Try it – The response should be an exact transcription of the data below, free of images.

START Collected material

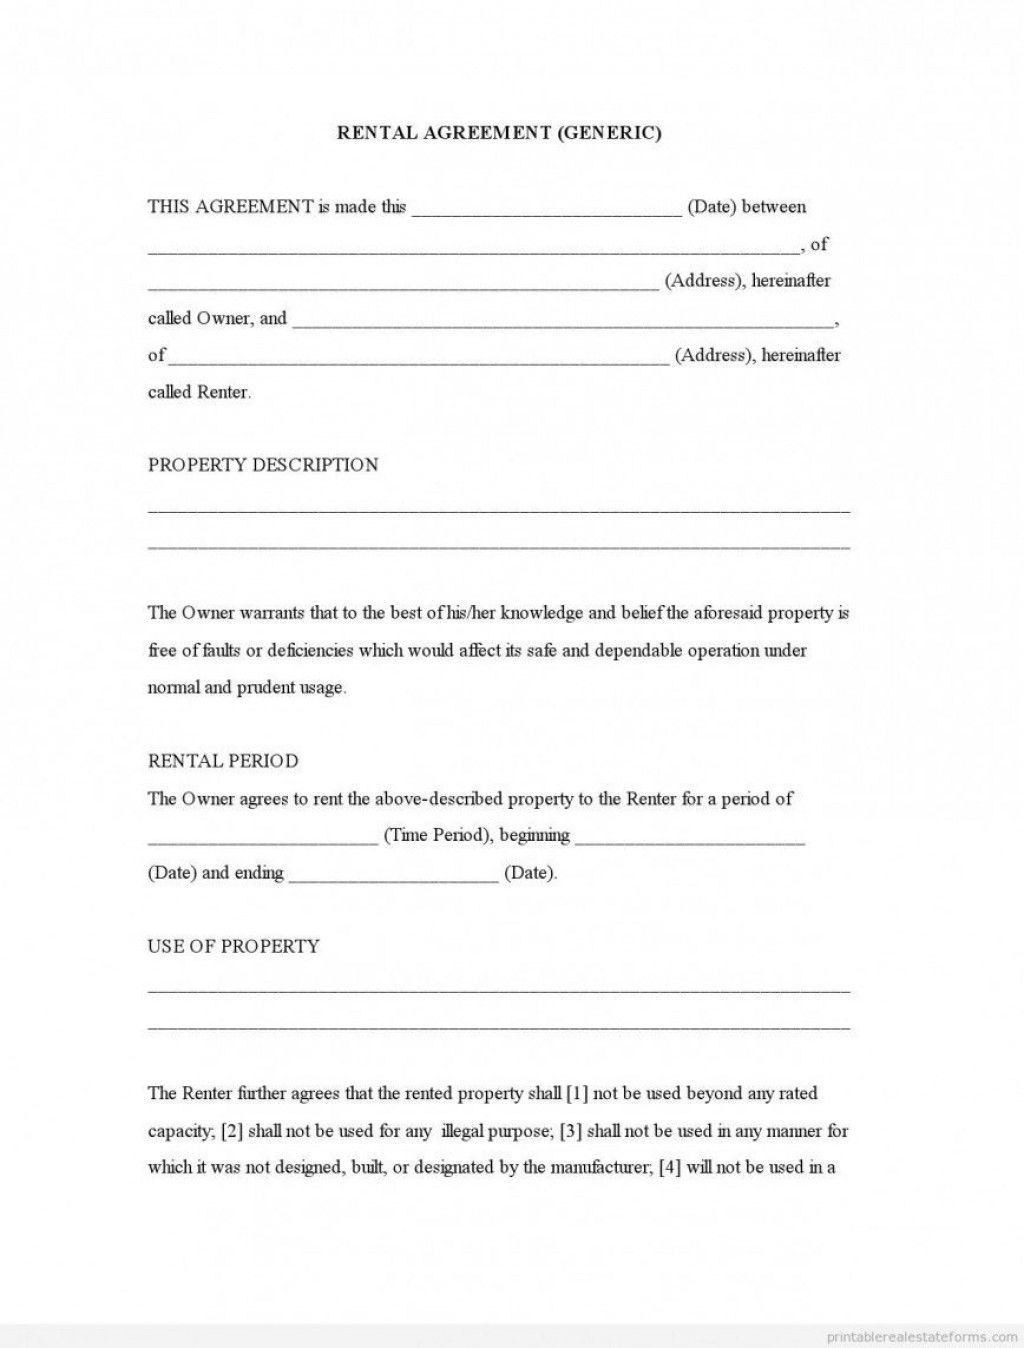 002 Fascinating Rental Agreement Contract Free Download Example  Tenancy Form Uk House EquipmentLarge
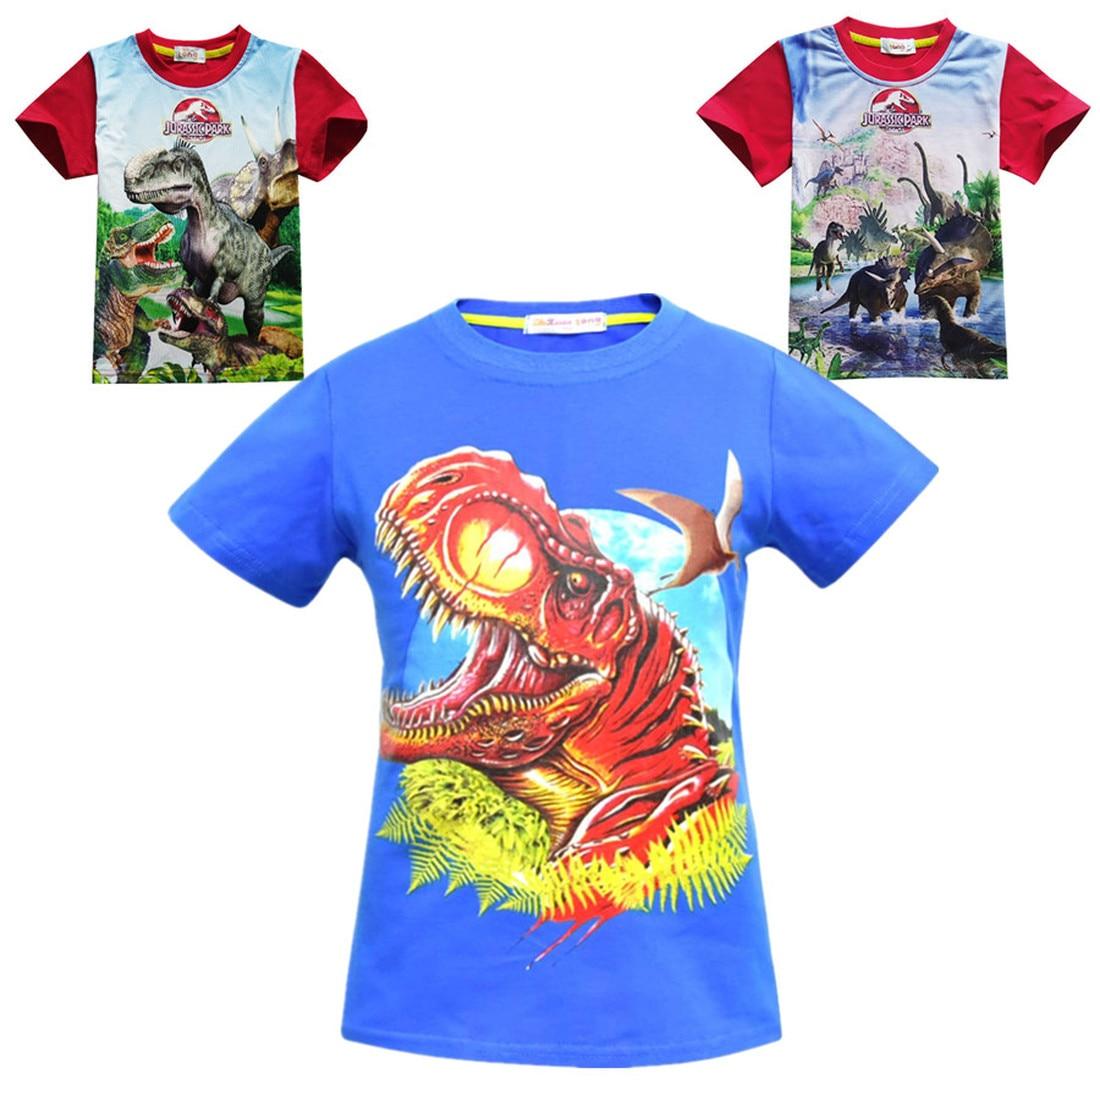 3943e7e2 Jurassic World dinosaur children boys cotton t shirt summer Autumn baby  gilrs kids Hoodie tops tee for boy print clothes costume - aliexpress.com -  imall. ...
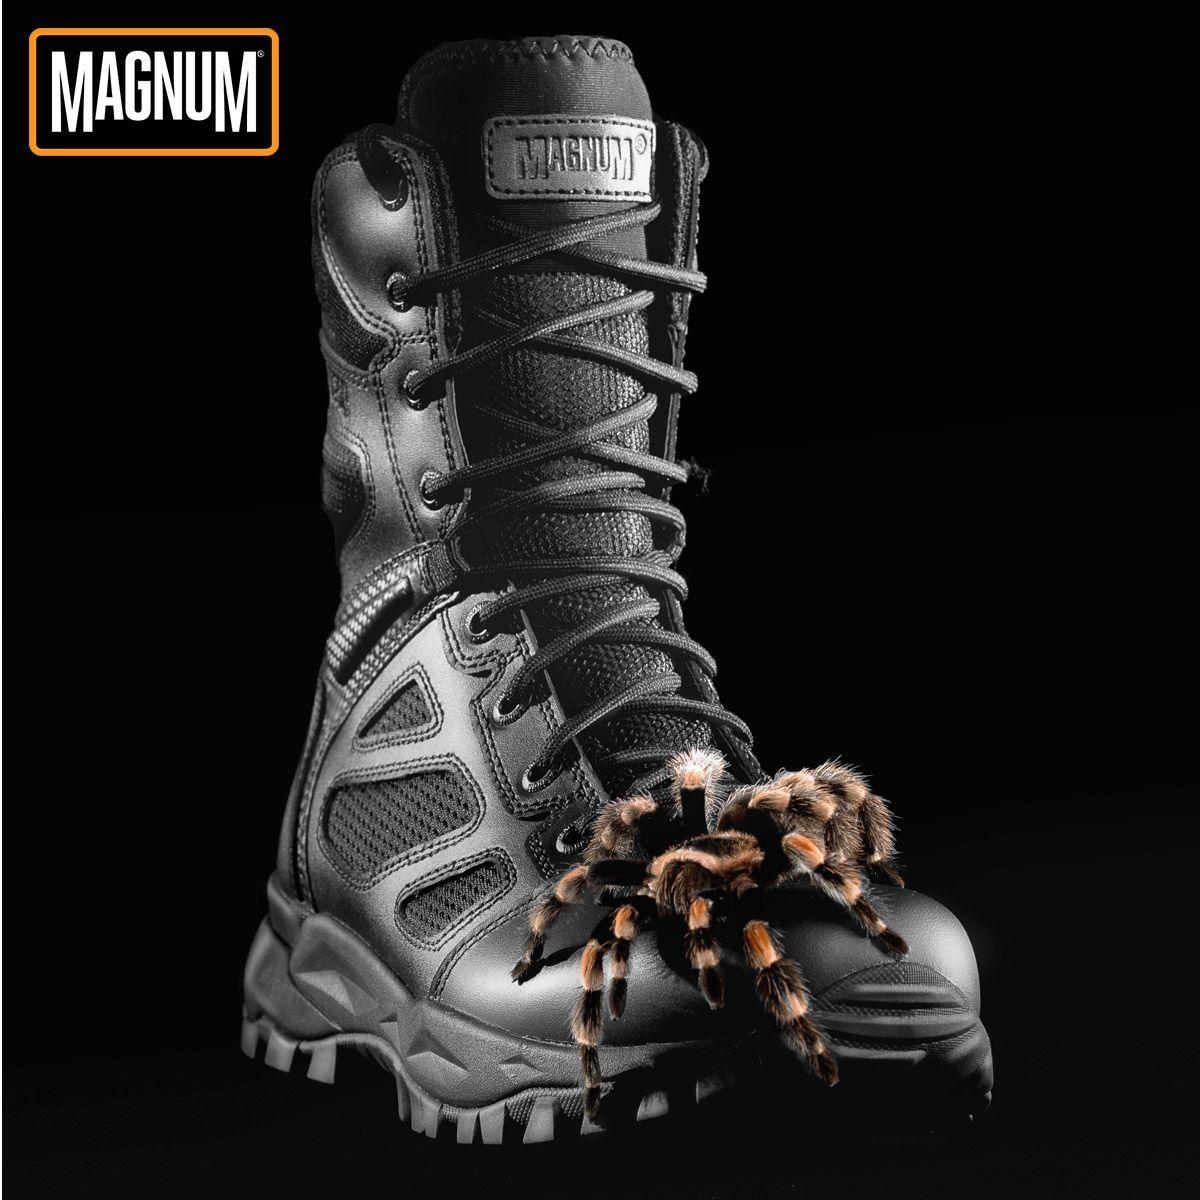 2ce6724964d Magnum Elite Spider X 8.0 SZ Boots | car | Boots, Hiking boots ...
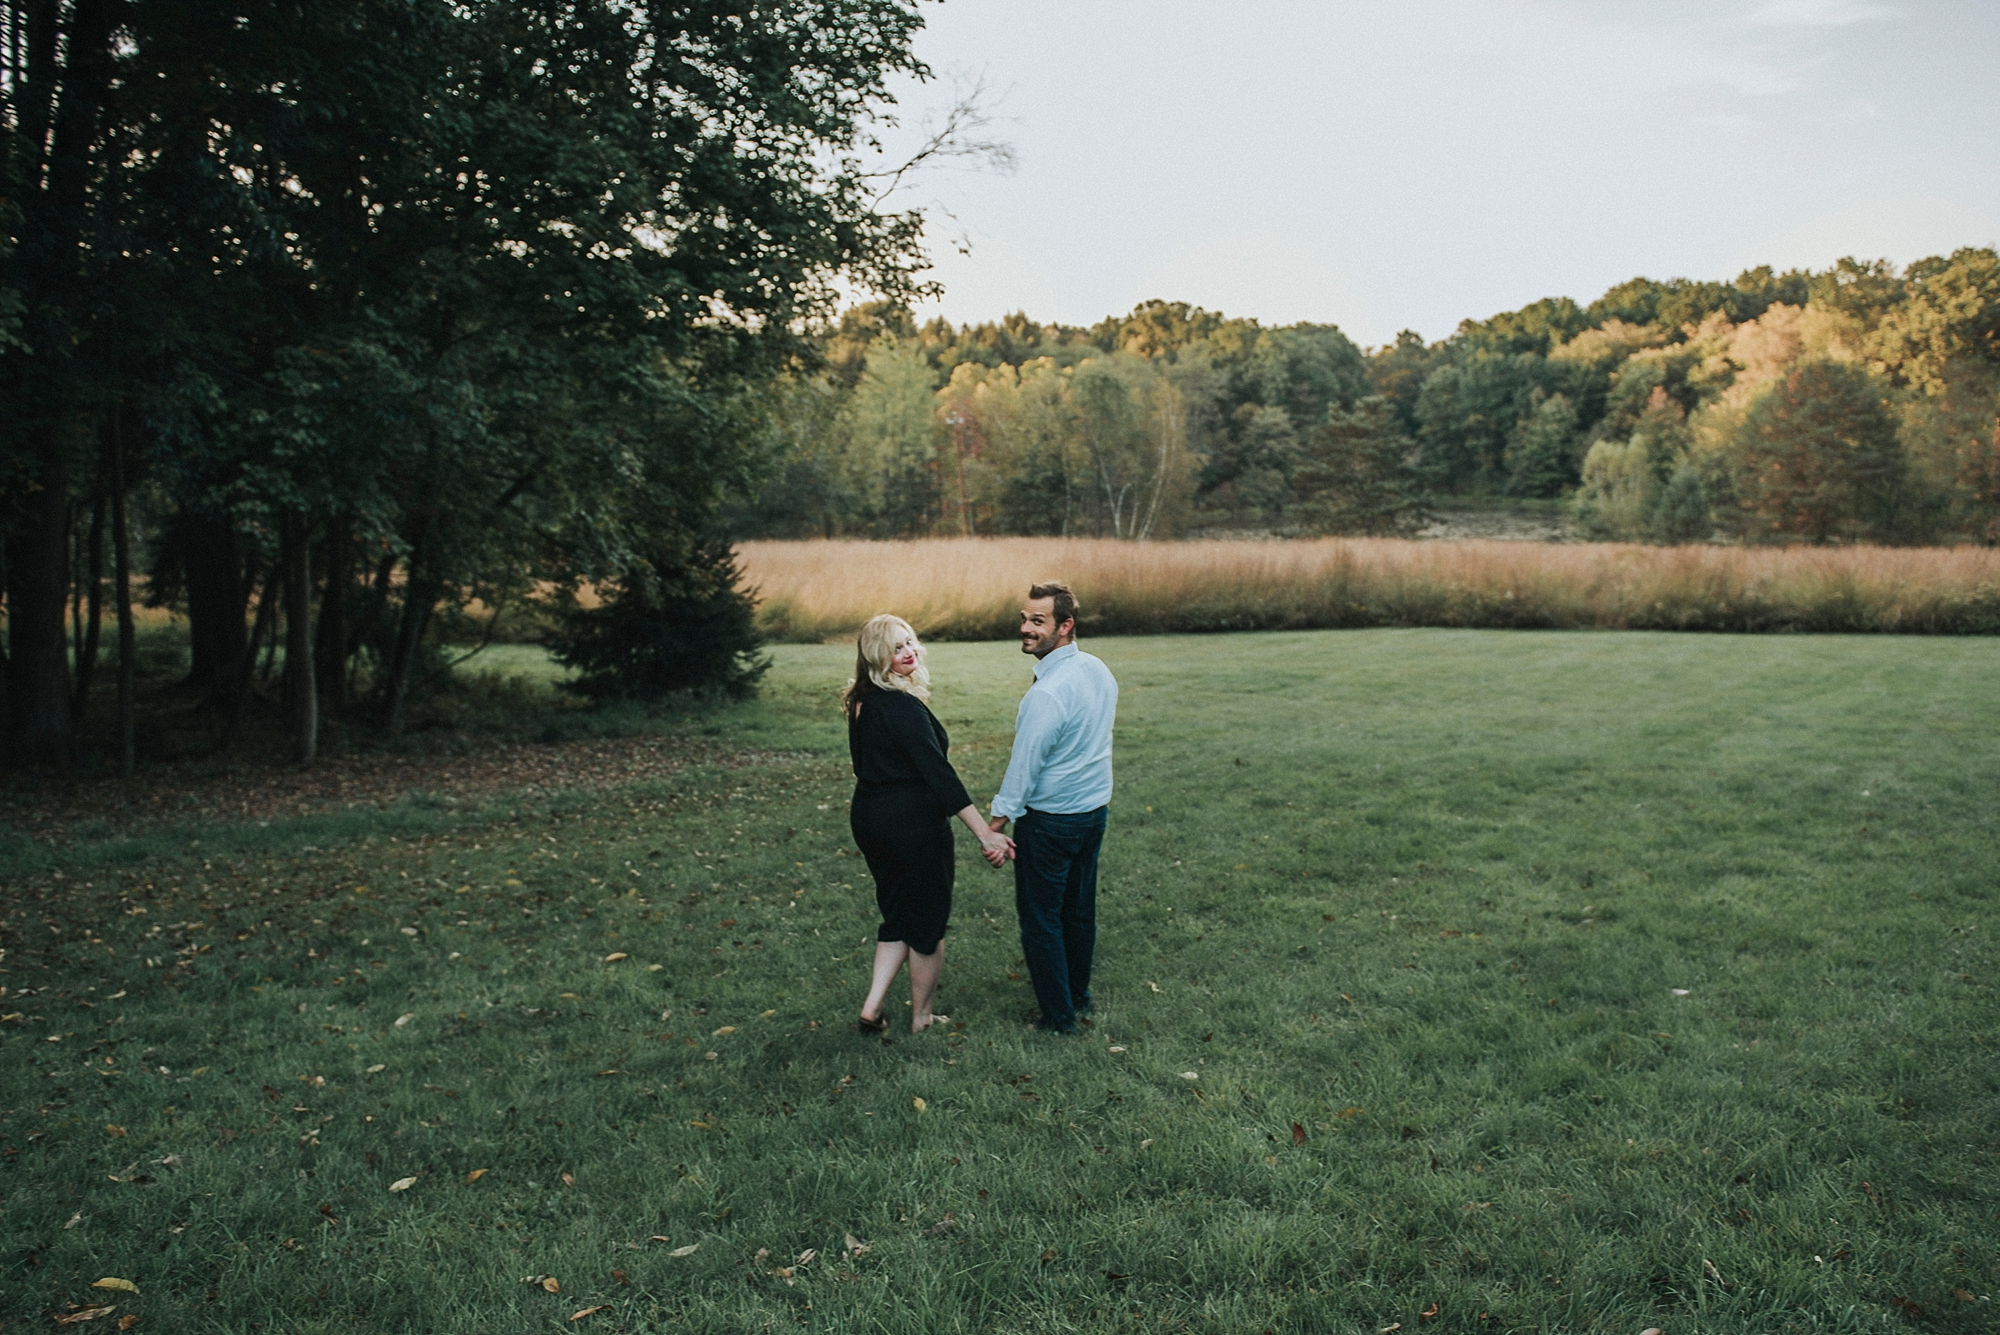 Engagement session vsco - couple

END Collected material

Answer –
 002 Fascinating Rental Agreement Contract Free Download Example  Tenancy Form Uk House EquipmentLarge
 3943e7e2 Jurassic World dinosaur children boys cotton t shirt summer Autumn baby  gilrs kids Hoodie tops tee for boy print clothes costume - aliexpress.com -  imall. ...
 2ce6724964d Magnum Elite Spider X 8.0 SZ Boots | car | Boots, Hiking boots ...
 Engagement session vsco - couple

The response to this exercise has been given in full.